The main reasons that many people no longer interact with their neighbours are that communities are too large and dense. With so many people living in neighbourhoods, the sense of community is lost because people cannot keep track of everyone living around them. For example, in a high rise building there may be over a hundred families, which is too many for people to interact with. This has a negative effect on communities because when people are surrounded by unknown families they end to isolate, and do not spend the time needed together to build relationships.   

To solve this problem architects and urban planners need to increase the amount of community space available to larger communities and ensure this space is free. These policies will encourage interaction between neighbours as people are much more likely to communicate in public spaces, especially if they see each other regularly. In New York, a recent study showed that residents of communities with pubic spaces were three times more likely to talk to their neighbours than in those without community areas. This clearly shows that these spaces are an effective solution to the problem.   

 In conclusion, the main reason why some neighbours no longer interact with each other is that communities are too big and impersonal. This problem can be solved by constructing public spaces that encourage community interaction, so authorities should make sure these areas are included in all building designs.

305 words

This essay was graded by a current IELTS examiner. Read the notes and grade given below:

TASK
ACHIEVEMENT
COHERENCE &
COHESION
LEXICAL
RESOURCE
GRAMMATICAL
RANGE & ACCURACY
9999

Fully addresses all parts of the task and present a fully developed position in answer to the question with relevant, fully extended and well supported ideas.

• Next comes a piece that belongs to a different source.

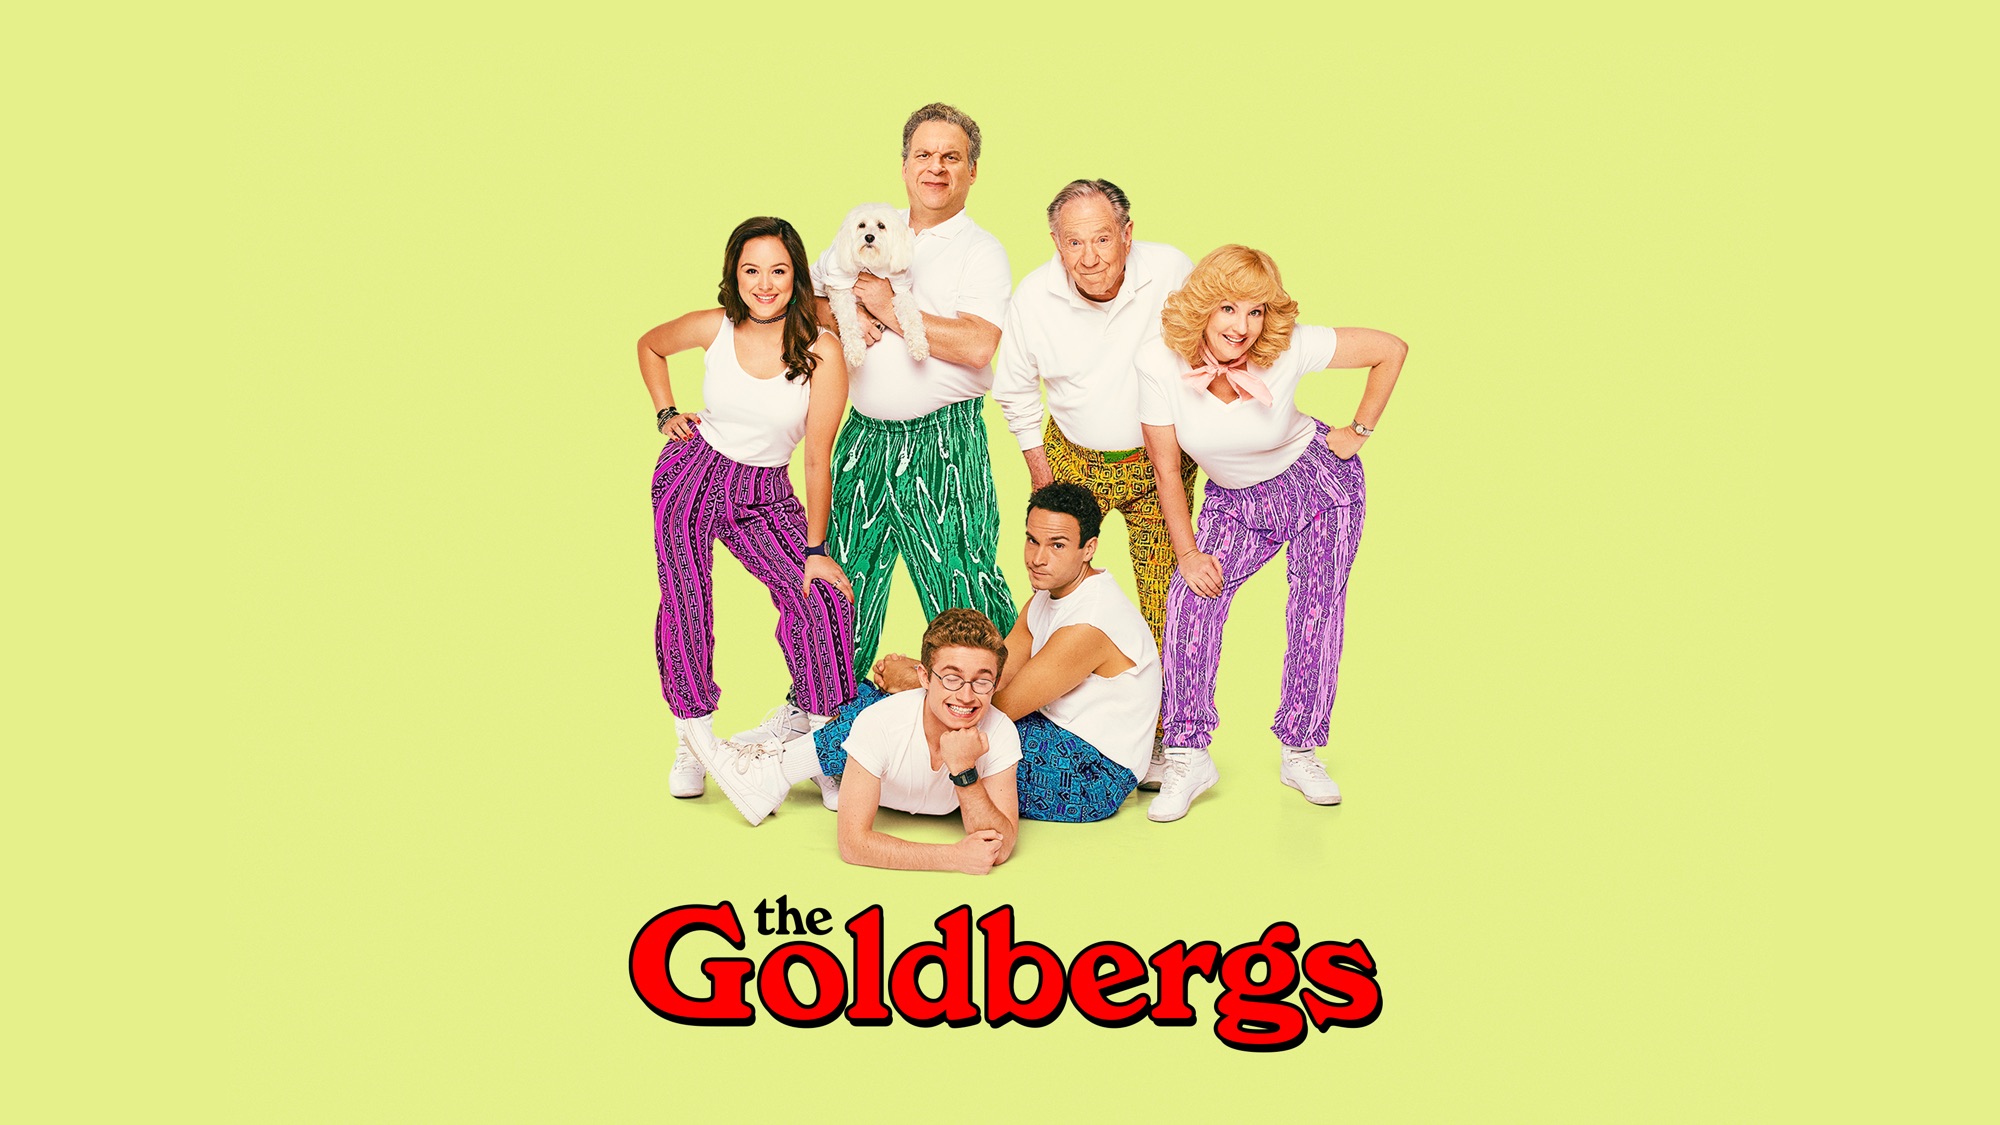 The Goldbergs HD Wallpaper

Arguments and ideas presented are relevant, balanced (causes and solutions) and well supported. The topic is introduced within the first paragraph whilst the conclusion wraps up the response, perfect in summation.

Vocabulary is used skilfully and flexibly with plenty of less common items used with precision.

Cohesion is well-managed throughout with skilful paragraphing that promotes a good sense of logical organisation to the response. Linking and sequencing of ideas attract no attention.

In terms of grammar, there’s a variety of structures used with full precision and flexibility. Subject-verb agreements show no issues and punctuation is well controlled.